HTTP servers are supposed to implement at least GET and HEAD methods and, whenever possible, also OPTIONS method.

Figure 6

Response header lines

When this program contacts a server, it sends a HEAD request using the HTTP 1.1 protocol, requesting that only the response header lines be returned.

(You can view request and response headers for any URL at http://web-sniffer.net/.)

For example, the entry of HTTP://WWW.DICKBALDWIN.COM/ABC into the web sniffer page shown above produced the output shown in Figure 7.

HTTP/1.1 404 Not Found
Date: Sat, 17 Sep 2005 13:56:02 GMT
Server: Apache	
Content-Length: 320
Connection: close
Content-Type: text/html; charset=iso-8859-1
Figure 7

Ignore all but the status line

This program ignores all but the first response header line, taking the content of that line as an indication of the quality of the bookmark.

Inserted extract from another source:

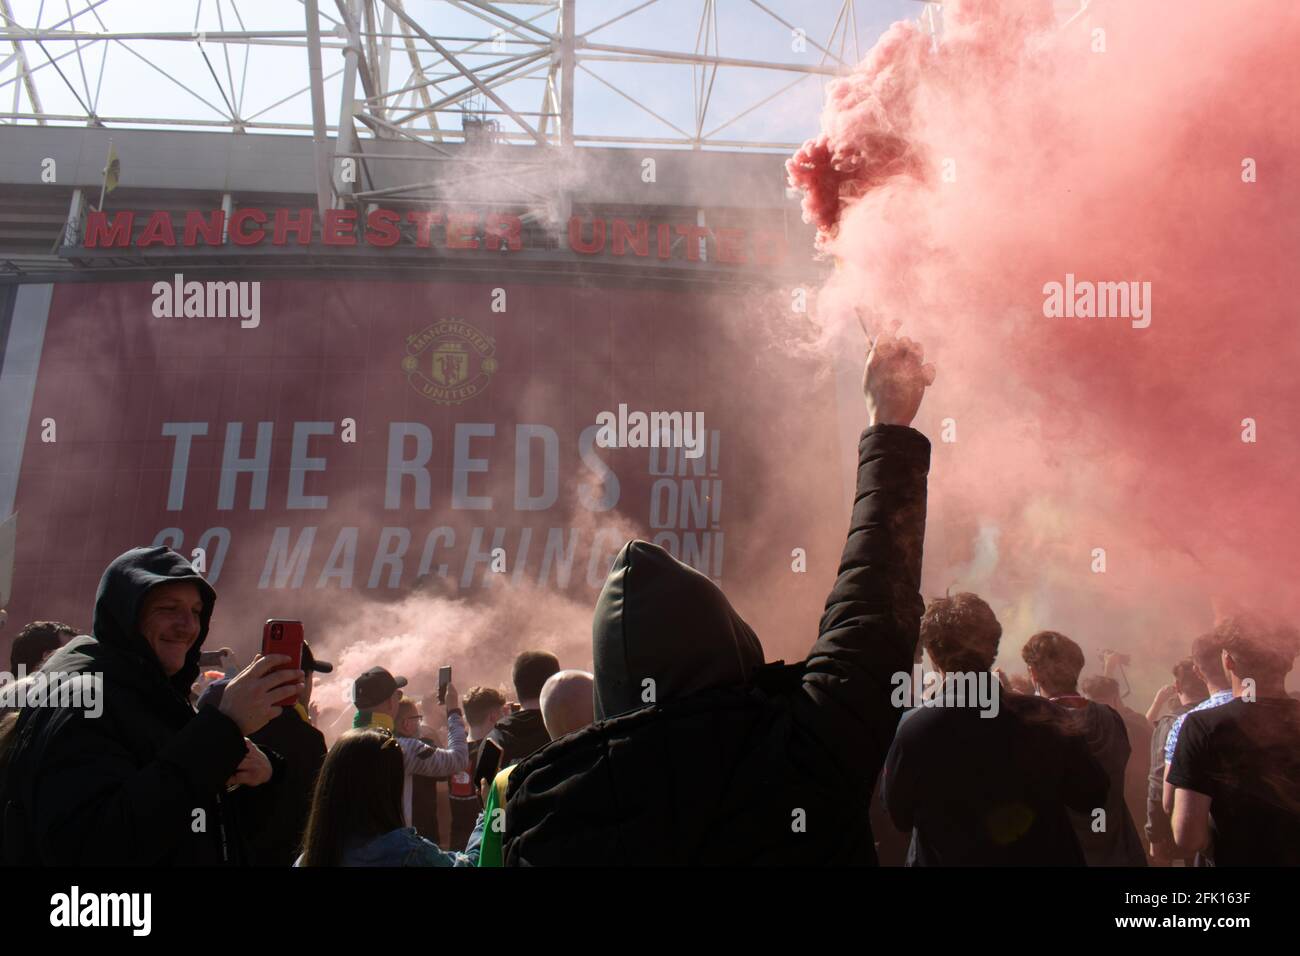 Protesta contra Glazer en el campo de fútbol Old Trafford . Apoyo que sostiene la llamarada de humo rojo. Texto Los Reds visibles. Estadio del Manchester United, Reino Unido. Foto de stock

According to HTTP Made Really Easy, the initial response line, often called the status line, has three parts separated by spaces:

  • The HTTP version
  • A response status code that gives the result of the request
  • An English reason phrase describing the status code

Typical HTTP 1.1 status lines

Typical HTTP 1.1 status lines from different servers are shown in Figure 8.

HTTP/1.1 200 OK
HTTP/1.1 301 Moved Permanently
HTTP/1.1 302 Moved Temporarily
HTTP/1.1 302 Found
HTTP/1.1 302 Object moved
HTTP/1.1 400 Bad Request
HTTP/1.1 401 Authorization Required
HTTP/1.1 403 Access Forbidden
HTTP/1.1 403 Invalid method
HTTP/1.1 404 Not found
HTTP/1.1 404 Object Not Found
HTTP/1.1 405 Method Not Allowed
HTTP/1.1 405
HTTP/1.1 500 Server Error
HTTP/1.1 500 Internal Server Error
HTTP/1.1 501 Method Not Implemented
HTTP/1.1 501 Method Not Supported
Figure 8

As you can see in Figure 8, the reason phrase for the same response status code varies from one server to another.

The status code

Also according to HTTP Made Really Easy,

  • The status code is meant to be computer-readable; the reason phrase is meant to be human-readable, and may vary.
  • The status code is a three-digit integer, and the first digit identifies the general category of response:
    • 1xx indicates an informational message only
    • 2xx indicates success of some kind
    • 3xx redirects the client to another URL
    • 4xx indicates an error on the client's part
    • 5xx indicates an error on the server's part

Program output

This program processes a specified bookmark library (Firefox, Netscape, or IE) and produces seven separate reports that indicate the quality of each bookmark in the library.

(For cases where the bookmark library is large, the user is allowed to specify a subset of bookmarks to process based on the positional indices of the bookmarks in the library.)

Six of the seven reports contain the status line plus additional information about the bookmarks.  The reports are written into text files named 000.txt through 600.txt.

Why do we need seven different reports?

The file named 000.txt contains information about every bookmark in the subset of bookmarks being processed.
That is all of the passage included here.